The result’s a database we revealed final week together with profiles of 238 of the men Trump deported to a Salvadoran prison.
From the second I heard concerning the males’s return to Venezuela, I considered Rodríguez. He’d been on my thoughts since embarking on this undertaking. I messaged together with his mom for days as we waited for the boys to be processed by the federal government of Nicolás Maduro and launched to their households.
Credit score:
Andrea Hernández Briceño for ProPublica
Lastly, one morning final week, he went dwelling. We spoke later that afternoon. He mentioned he was relieved to be dwelling together with his household however felt traumatized. He informed me he needs the world to know what occurred to him within the Salvadoran jail — day by day beatings, humiliation, psychological abuse. “There isn’t any cause for what I went via,” he mentioned. “I didn’t deserve that.”
The Salvadoran authorities has denied mistreating the Venezuelan prisoners.
We requested the Trump administration about its proof in opposition to Rodríguez. That is the whole thing of its assertion: “Albert Jesús Rodriguez Parra is an unlawful alien from Venezuela and Tren de Aragua gang member. He illegally crossed the border on April 22, 2023, below the Biden Administration.”
Whereas Rodríguez was incarcerated in El Salvador and nobody knew what would occur to him, the court docket stored delaying hearings for his asylum case. However after months of continuances, on Monday, Rodríguez logged right into a digital listening to from Venezuela. “Oh my gosh, I’m so completely satisfied to see that,” mentioned Decide Samia Naseem, clearly remembering what had occurred in his case.

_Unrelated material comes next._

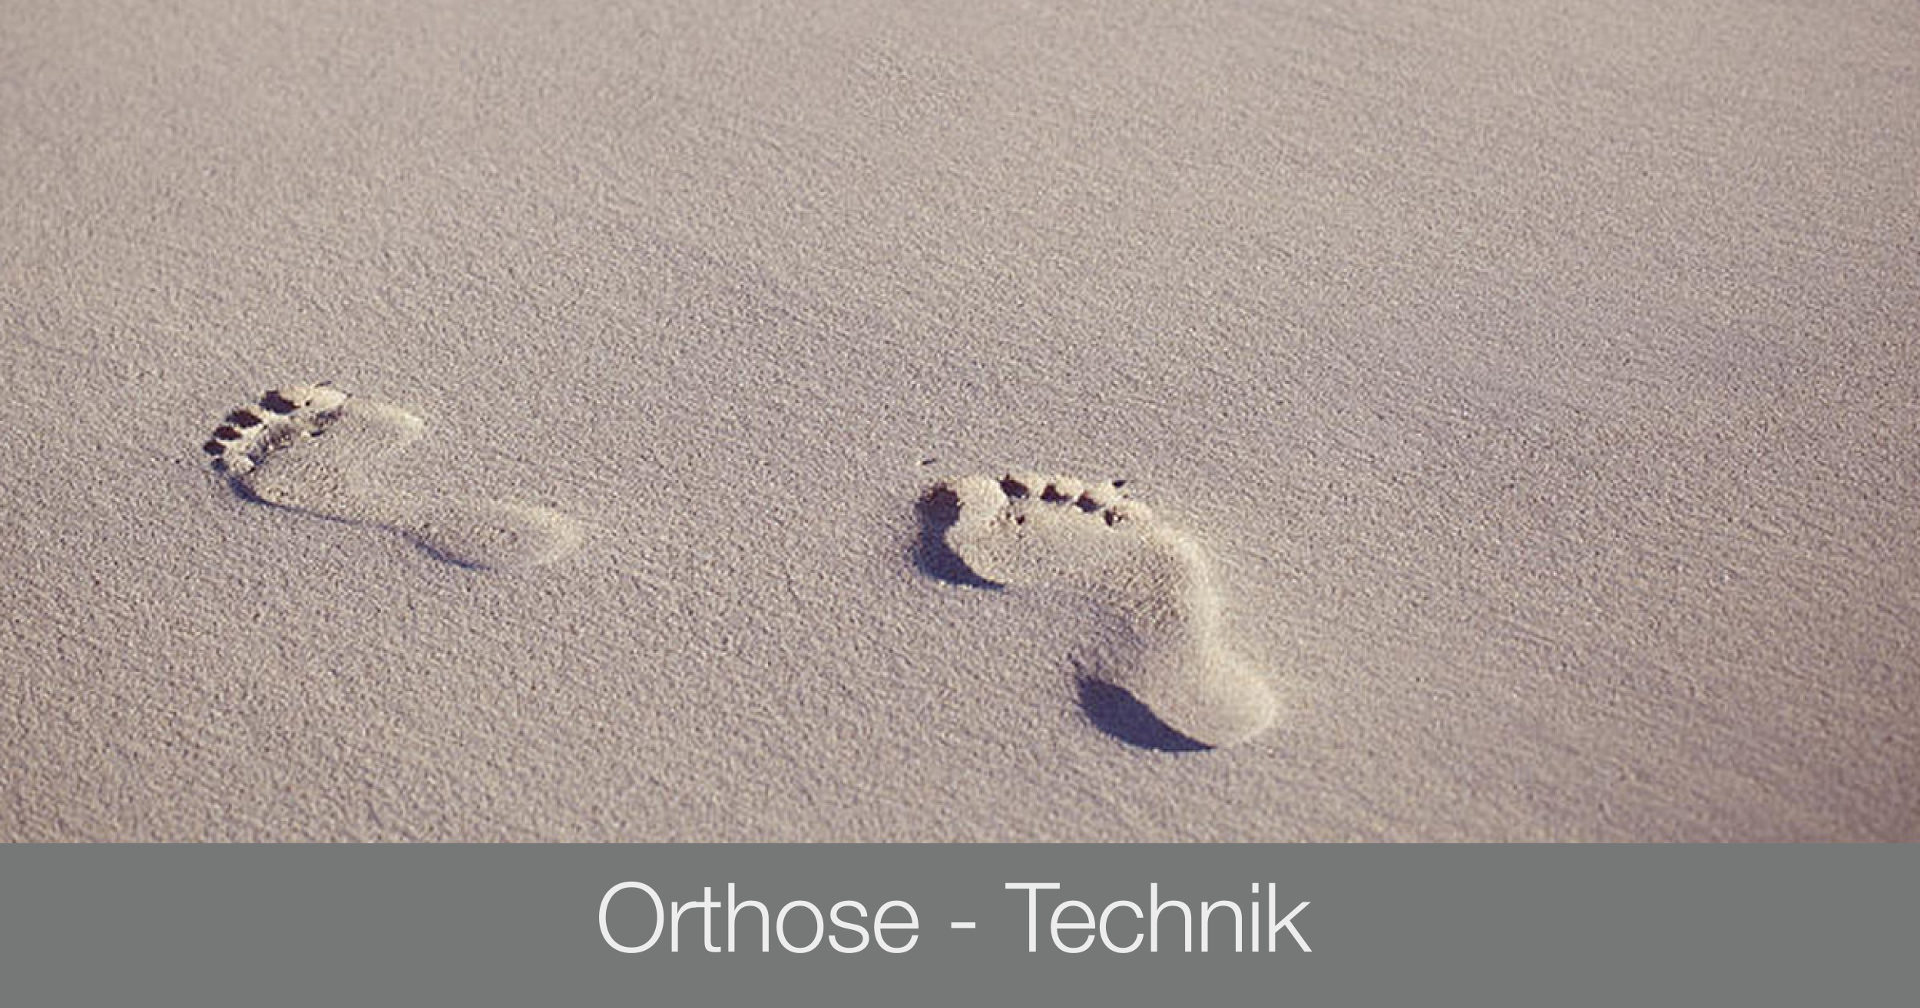 Ausbildung Fußpflege - Orthose-Technik - Kosmetikschule Schäfer

Rodríguez’s legal professional mentioned that his consumer had been tortured and abused in El Salvador. “I can’t even describe to this court docket what he went via,” he mentioned. “He’s getting psychological assist, and that is my precedence.”
It was a quick listening to, maybe 5 minutes. Rodríguez’s lawyer talked about his involvement in an ongoing lawsuit in opposition to the Trump administration over its use of the Alien Enemies Act to deport Venezuelans. The federal government lawyer mentioned little, besides to query whether or not Rodríguez was even allowed to look nearly attributable to “safety points” in Venezuela.

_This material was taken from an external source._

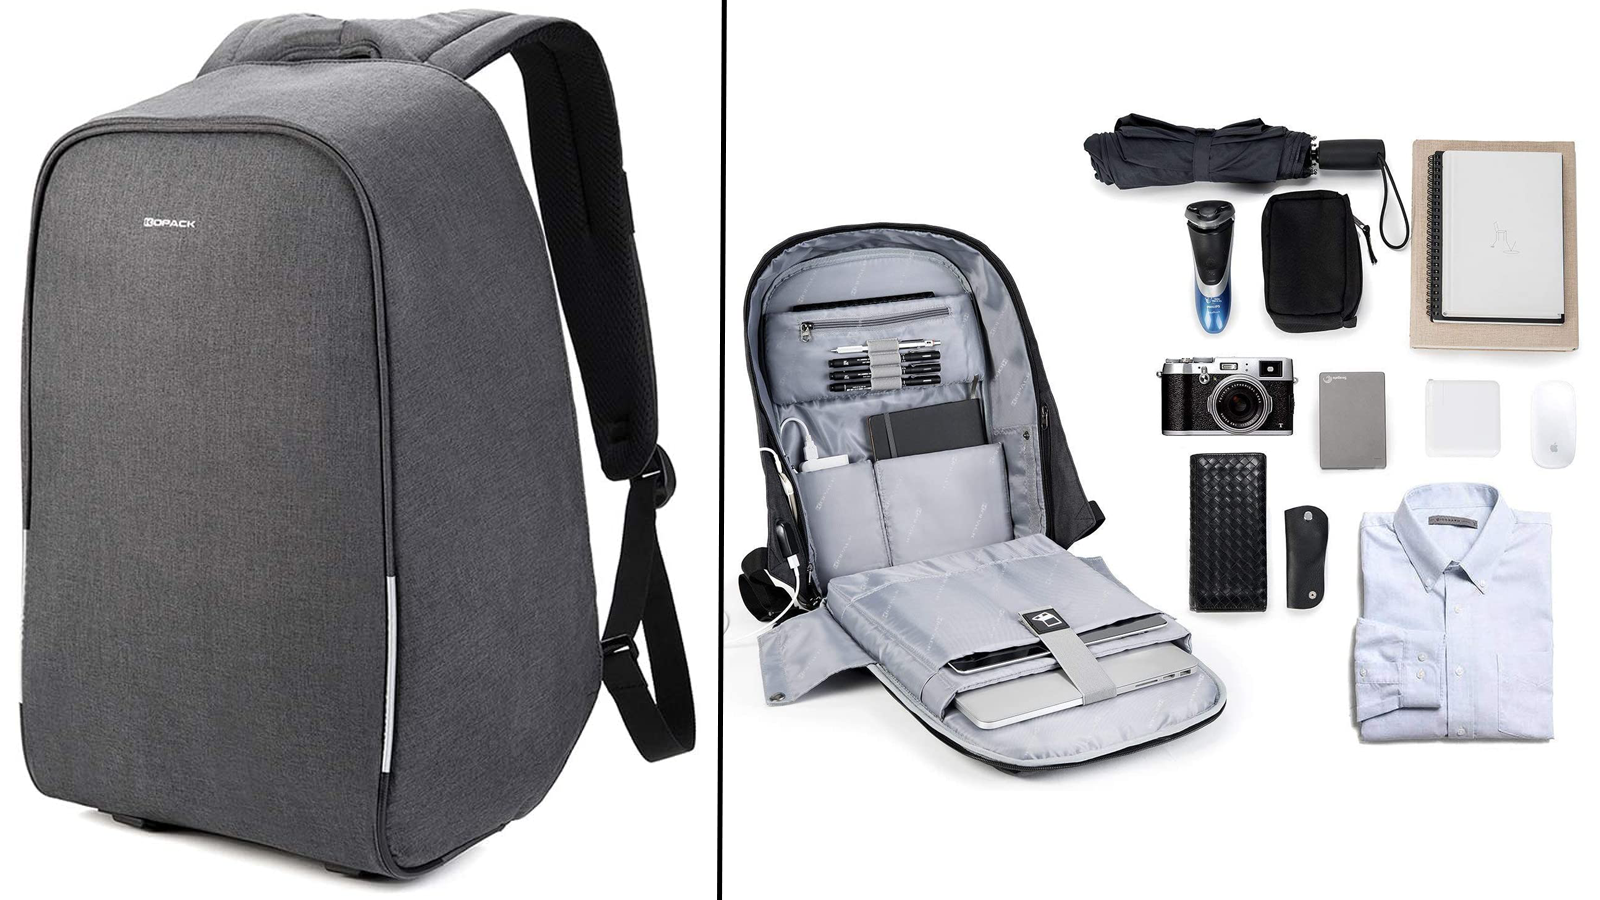 KOPACK Scan Smart Anti-Theft Laptop Backpack

Lastly, the choose mentioned she would administratively shut the case whereas the litigation performs out. “If he ought to hopefully have the ability to come again to the U.S., we’ll calendar the case,” she mentioned.

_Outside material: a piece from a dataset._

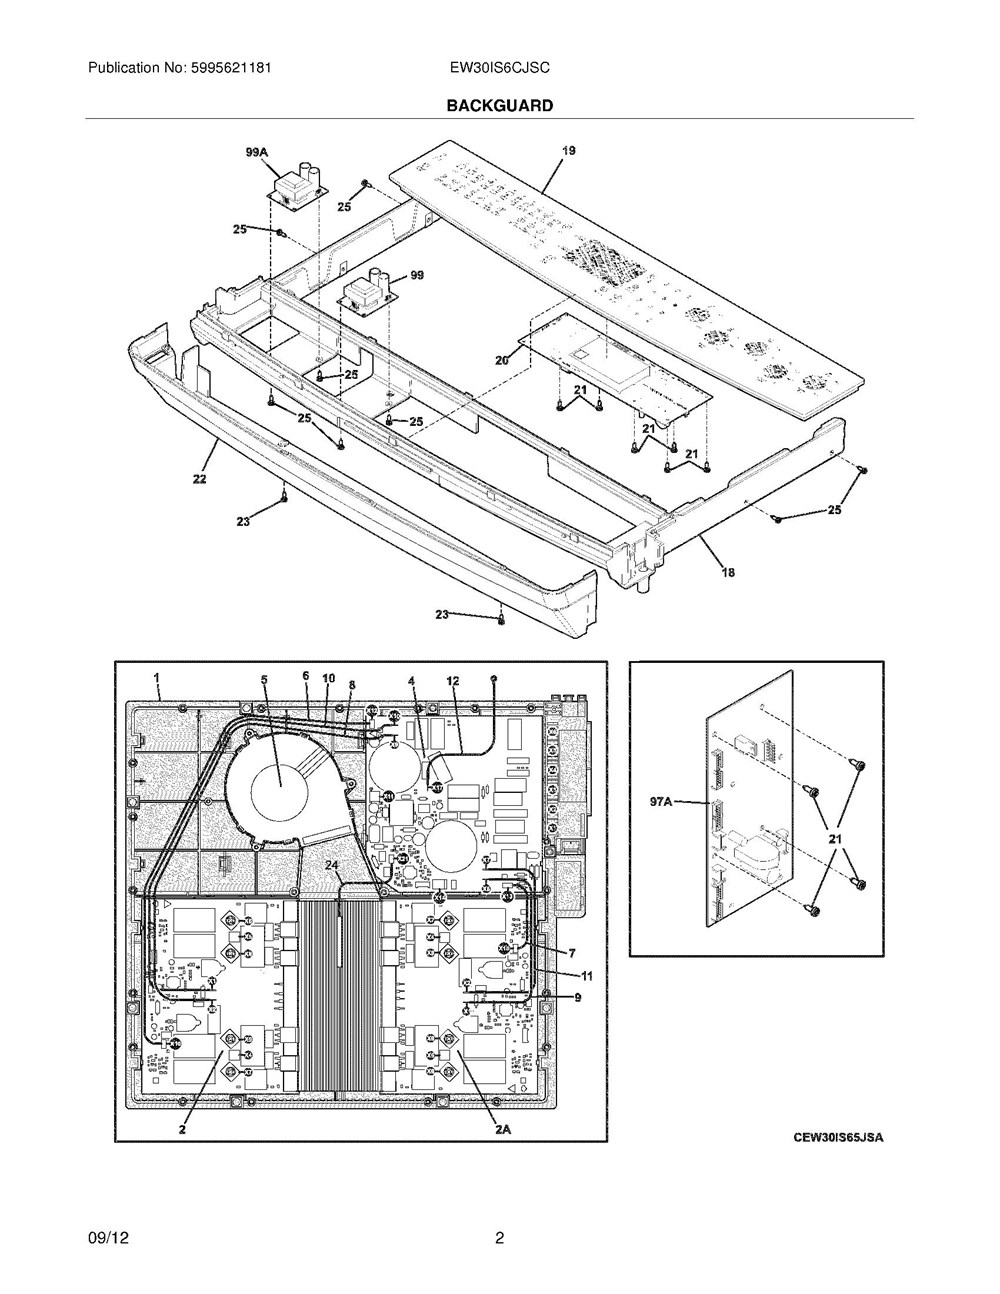 Ew30is6cjsc Frigidaire Company Backguard 05body 07top Drawer 09door 01cover 10wiring Diagram

Naseem turned to Rodríguez, who was muted and appeared severe. “You don’t have to fret about reappearing till this will get sorted out,” she informed him. He nodded and shortly logged off.
We plan to maintain reporting on what occurred and have one other story coming quickly about Rodríguez and the opposite males’s experiences contained in the jail. Please reach out if you have information to share.